Patients with Cystic Fibrosis (CF) are relatively insulinopenic and are at risk of diabetes, especially during times of stress. There is a paucity of data in the literature describing glucose tolerance during CF pulmonary exacerbations. We hypothesised that glucose tolerance would be worse during pulmonary exacerbations in children with CF than during clinical stability.

Methods

Patients with CF, 10 years or older, admitted with a pulmonary exacerbation underwent an OGTT within 48 hours of admission. A repeat OGTT was performed 4 to 6 weeks post discharge when the patients were well.

Results

Nine patients completed the study. Four patients were found to have normal glucose tolerance, 3 with impaired and 2 with CF related diabetes during the exacerbation. Mean change in 2-hour glucose was 1.1 mmol (SD = 0.77). At the follow up OGTT, 8 of 9 (89%) remained within their respective glucose tolerance status groupings.

Conclusion

The findings of this study show that there is little difference in glucose tolerance during CF exacerbations compared to clinical stability in the majority of patients.

Introduction

Cystic Fibrosis (CF) is the most common inherited life limiting condition in Caucasians [1]. Patients with CF and pancreatic insufficiency are relatively insulinopenic and are at risk of impaired glucose tolerance (IGT) and CF related diabetes (CFRD) [2]. It is well established that the presence of these co morbidities has a significant impact on morbidity and mortality in CF [3]. Recent international consensus guidelines recommend that all CF patients should be tested for IGT and CFRD yearly with an oral glucose tolerance test (OGTT) from 10 years of age [4].

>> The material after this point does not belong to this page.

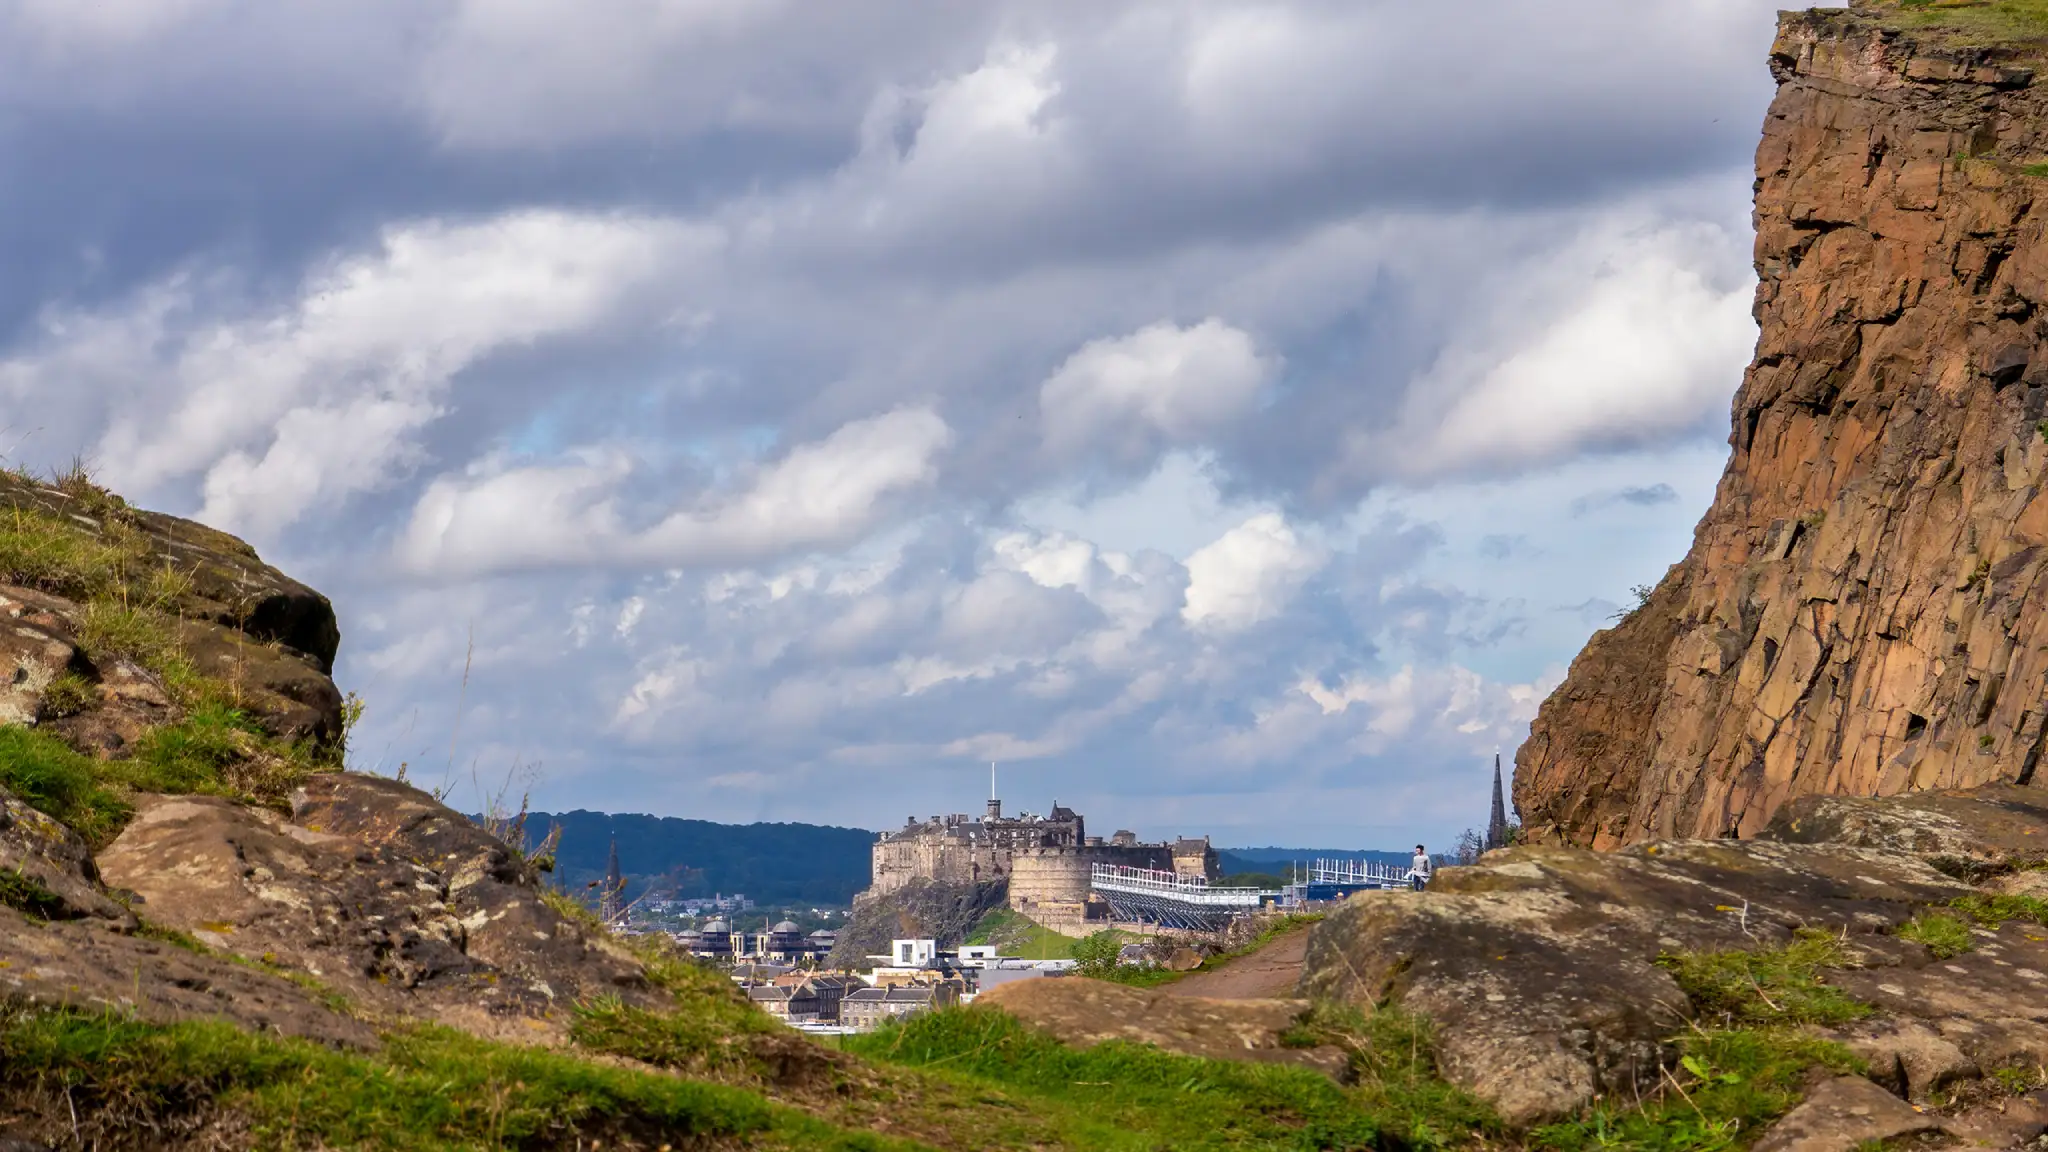 A dramatic view of a castle, mountains, and clouds around Arthur's Seat in Edinburgh, Scotland.

CF pulmonary exacerbations are episodes of acute deterioration, usually brought on by infection and characterised by an increase in respiratory symptoms [5]. They are associated with decreased quality of life and increased mortality, hospitalization and healthcare costs. In the non-CF population, stress hyperglycaemia can occur during acute illness and is associated with adverse outcomes in children [6]. It is widely believed that stress hyperglycaemia occurs during CF pulmonary exacerbations and may resolve following resolution of the exacerbation [4]. However, evidence for this is lacking with only one small study having examined glucose tolerance during pulmonary exacerbations. Sc and colleagues performed both intravenous glucose tolerance tests (IVGTTs) and OGTTs on 8 CF patients previously known to have normal glucose tolerance (NGT) [7]. All but one patient exhibited diabetic glucose tolerance on OGTT during pulmonary exacerbation. Furthermore, patients returned to NGT within 4 weeks of discharge. These findings suggest that CF patients may benefit from insulin treatment during exacerbations however such results require confirmation before the development of specific randomized controlled trials.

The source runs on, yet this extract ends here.